## Task details
Return the data below unchanged. Drop any pictures.

## Exercise data
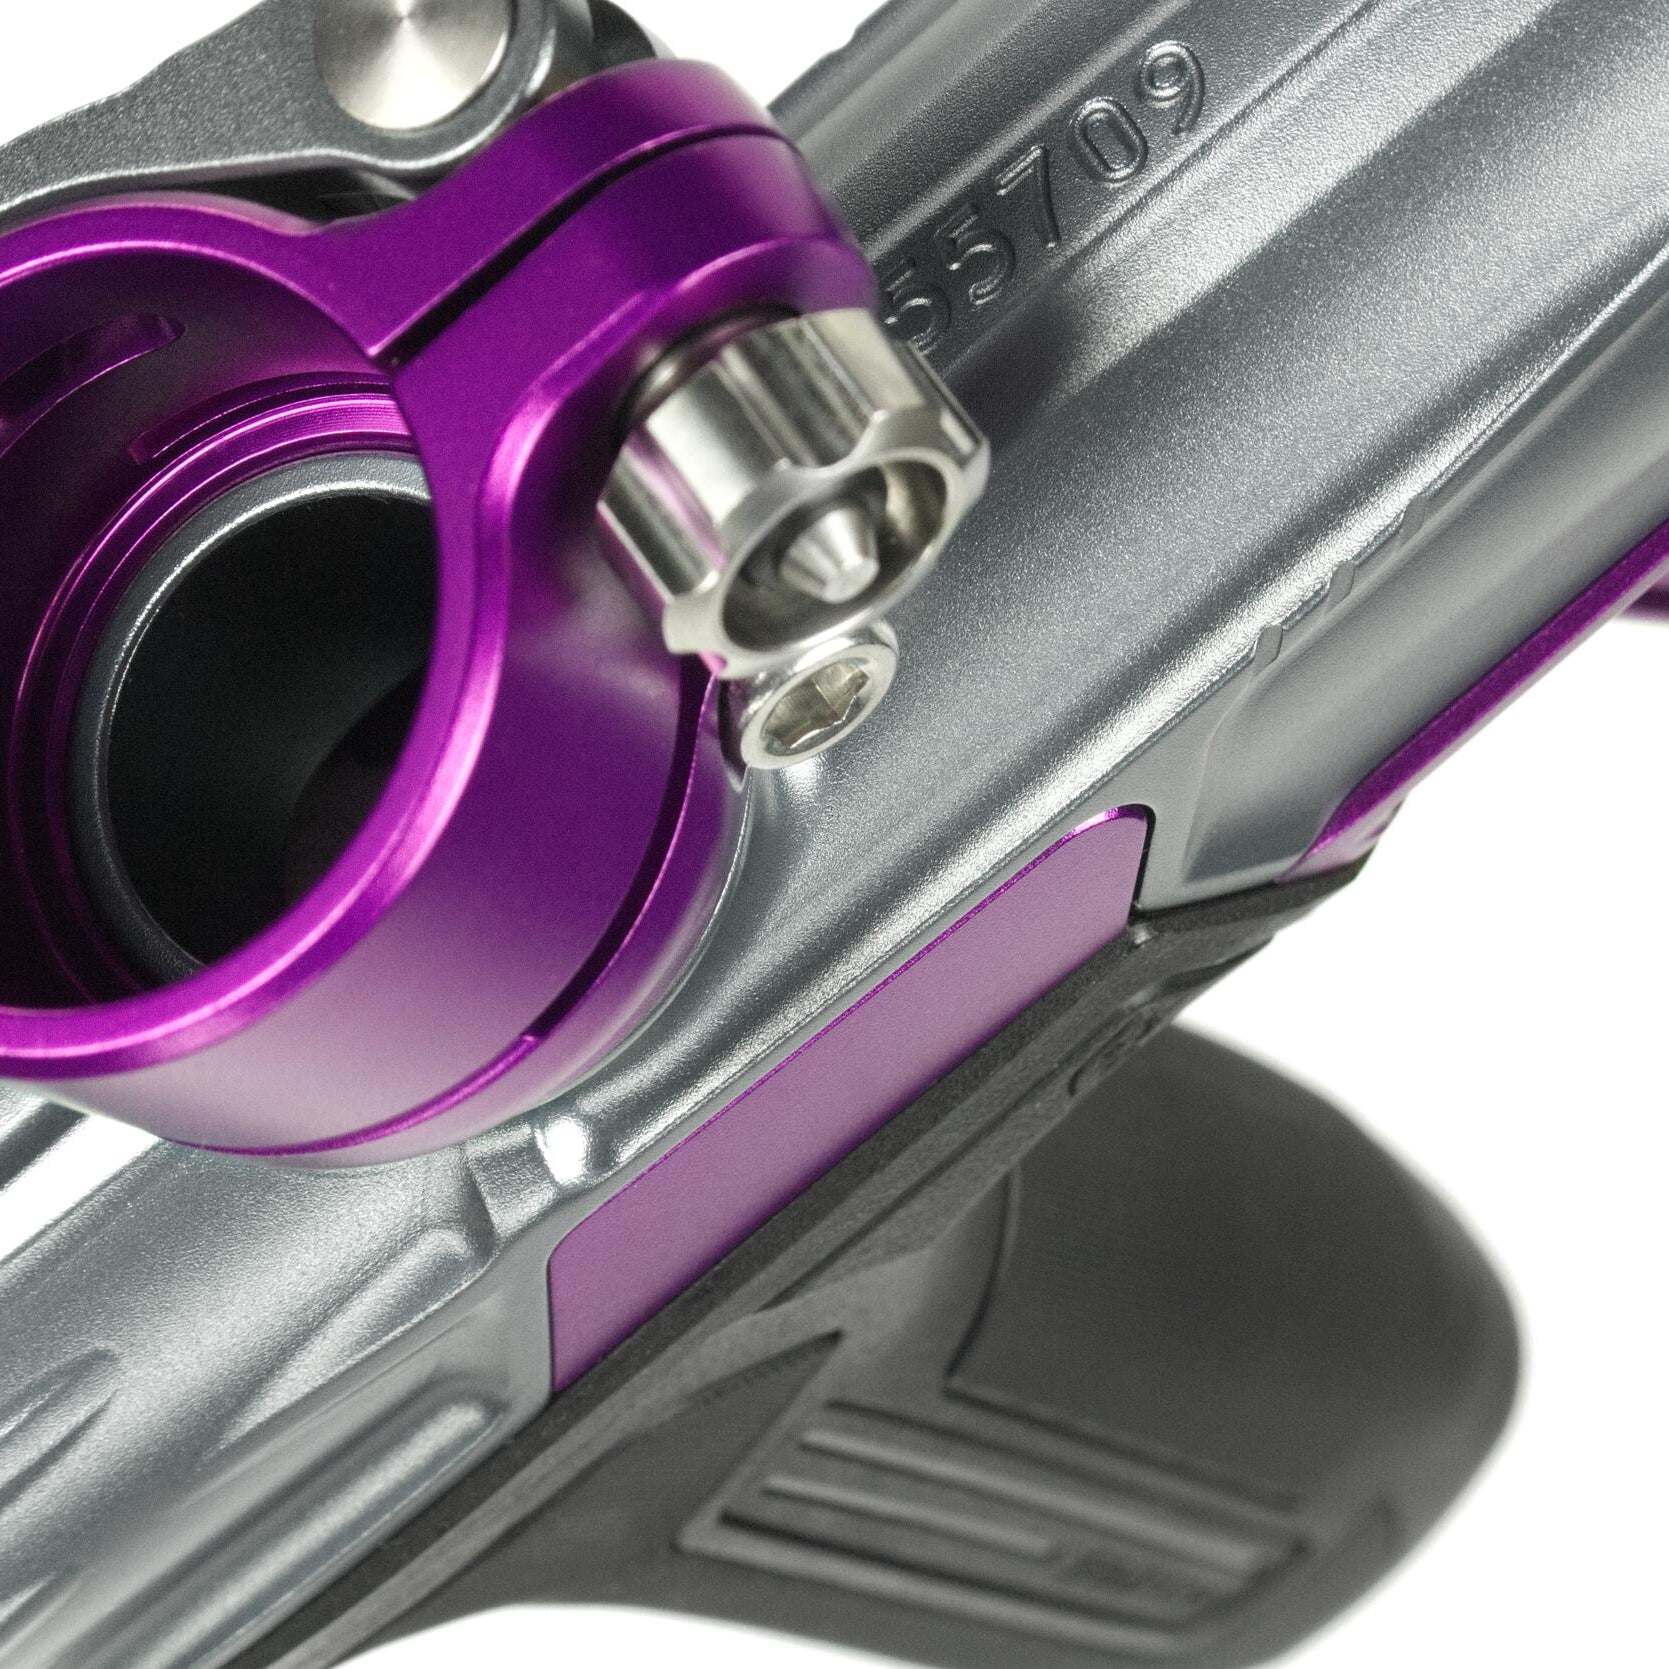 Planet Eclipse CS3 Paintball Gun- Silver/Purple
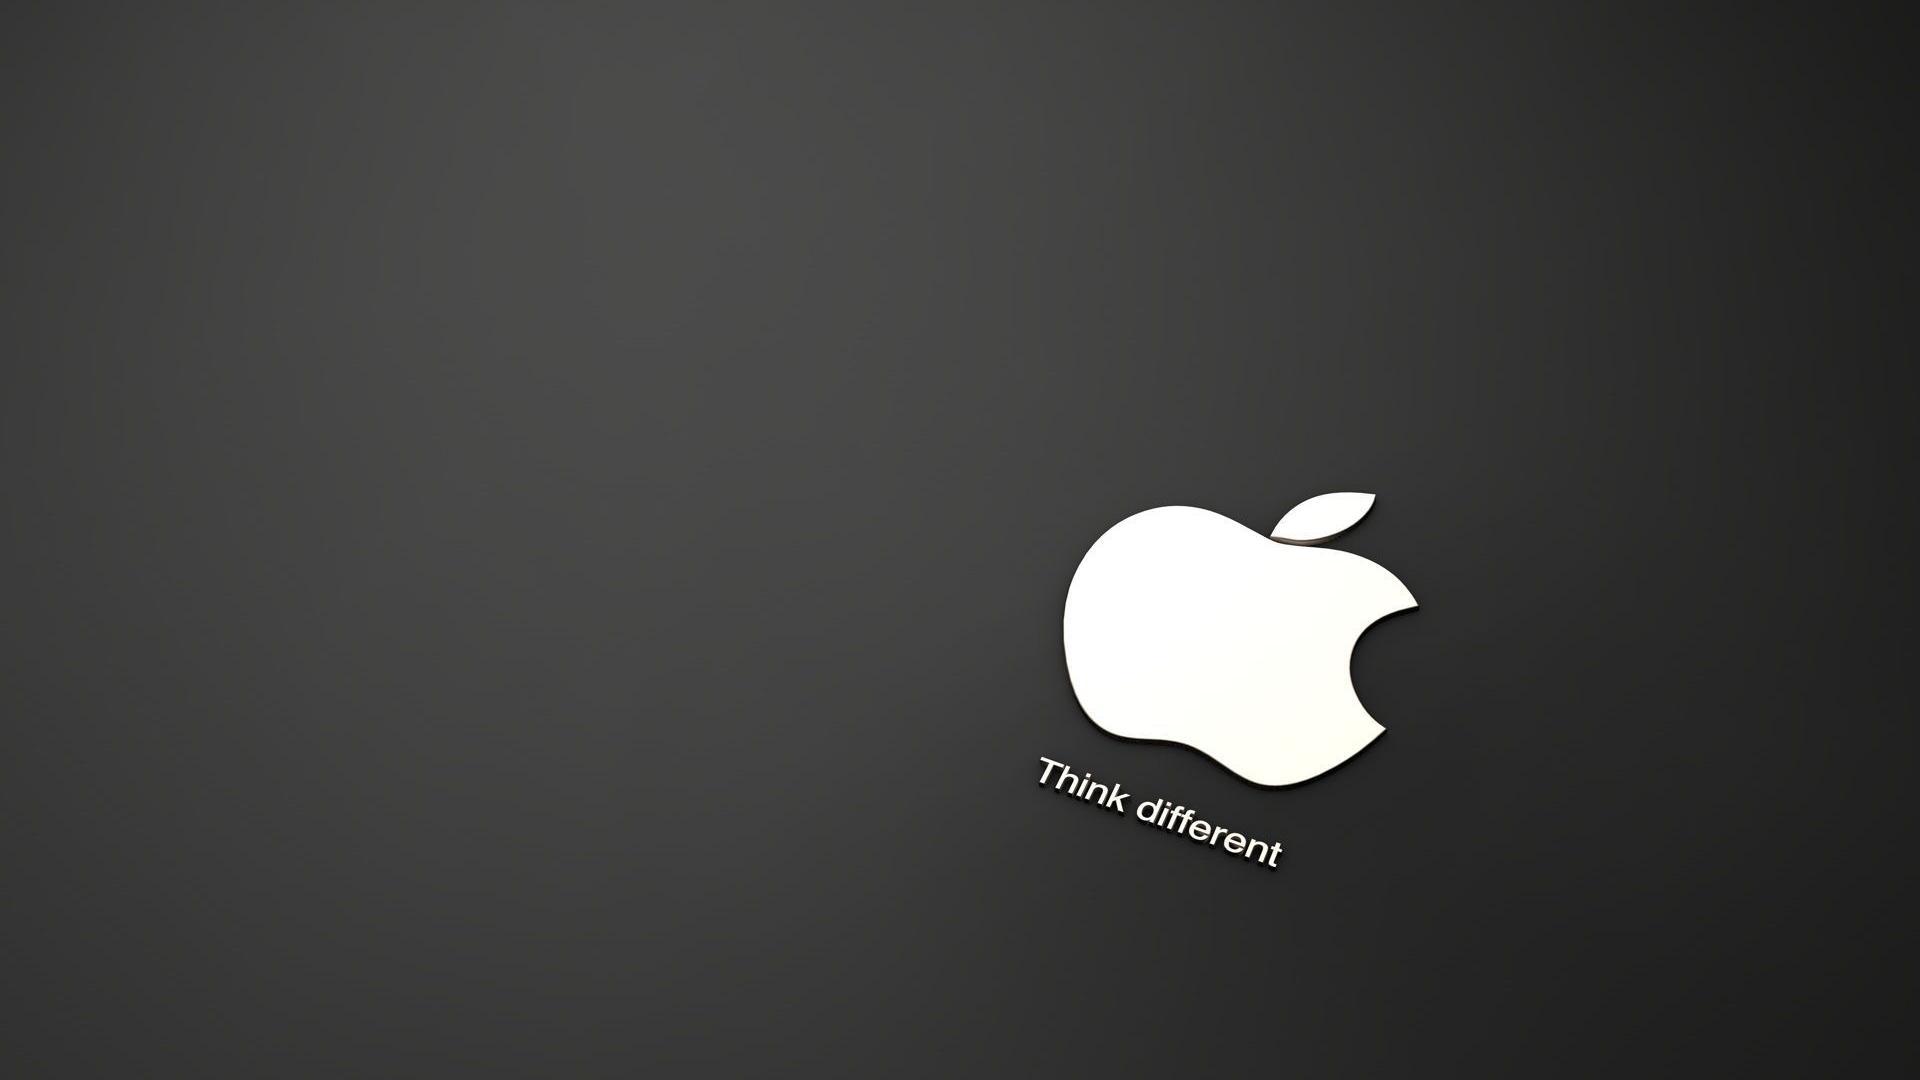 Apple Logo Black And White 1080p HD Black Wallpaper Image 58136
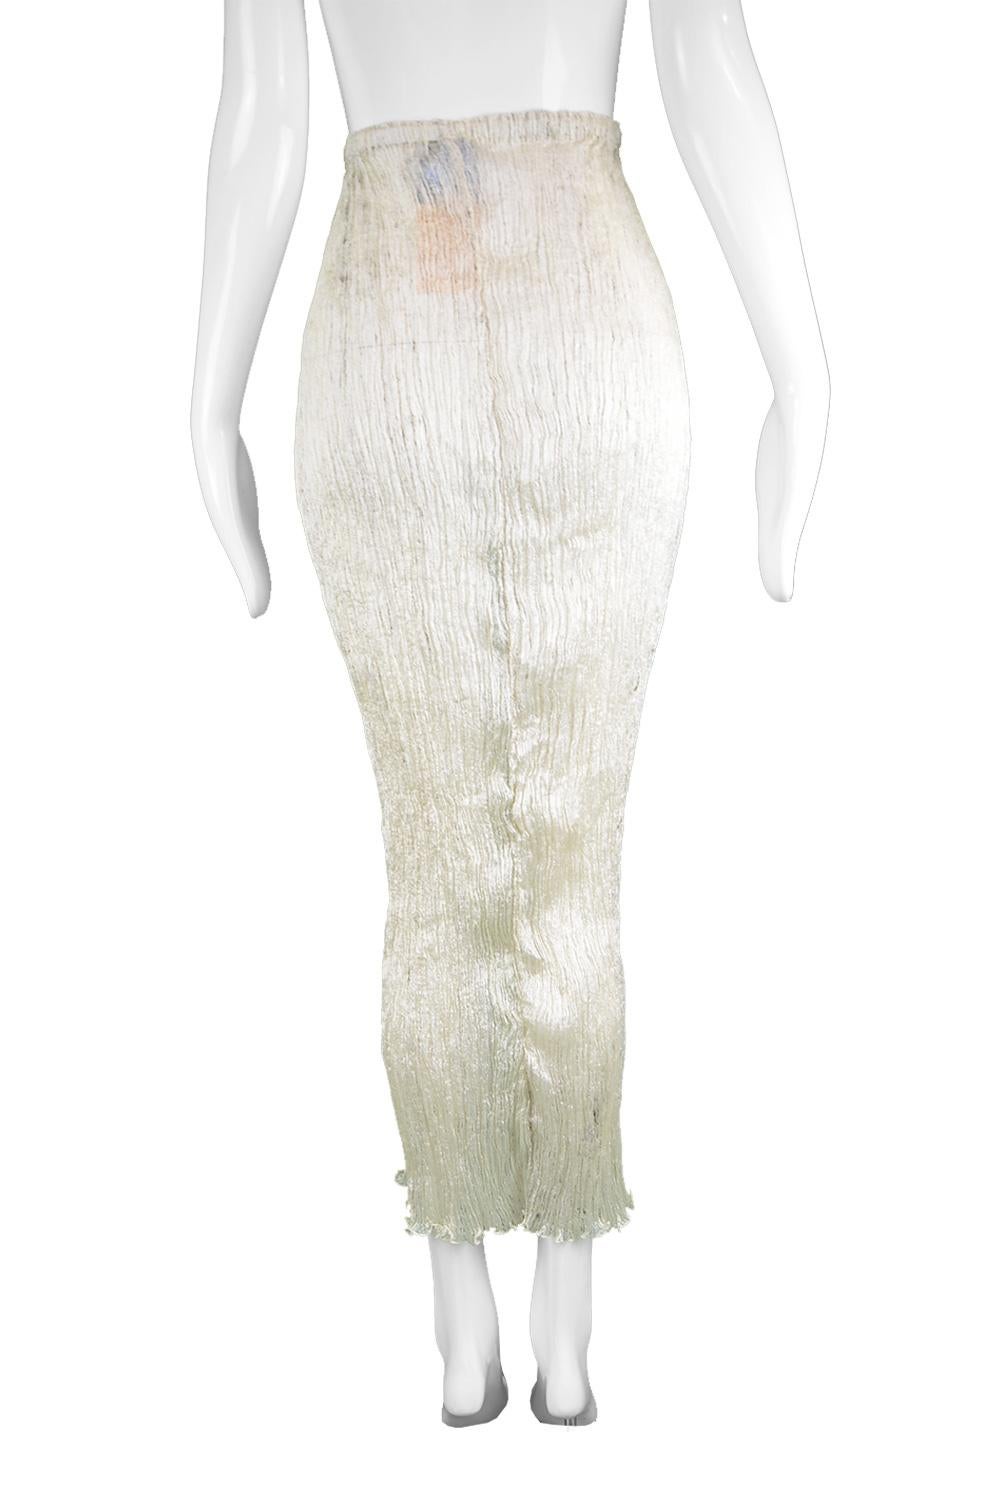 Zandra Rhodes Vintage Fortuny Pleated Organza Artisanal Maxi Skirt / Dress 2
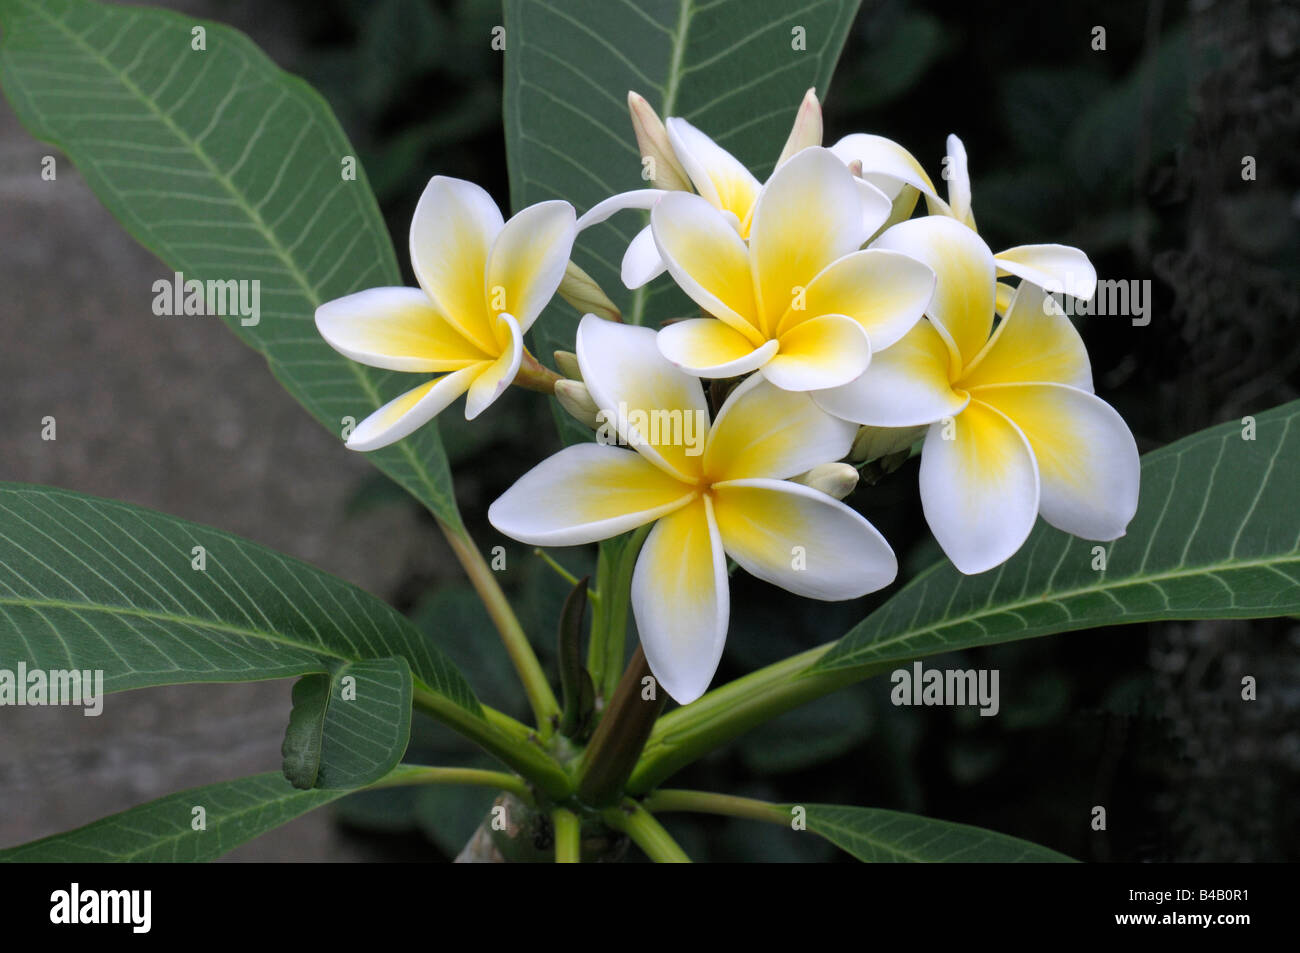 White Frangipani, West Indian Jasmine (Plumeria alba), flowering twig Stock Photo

## Exercise result
 Planet Eclipse CS3 Paintball Gun- Silver/Purple
 Apple Logo Black And White 1080p HD Black Wallpaper Image 58136
 Zandra Rhodes Vintage Fortuny Pleated Organza Artisanal Maxi Skirt / Dress 2
 White Frangipani, West Indian Jasmine (Plumeria alba), flowering twig Stock Photo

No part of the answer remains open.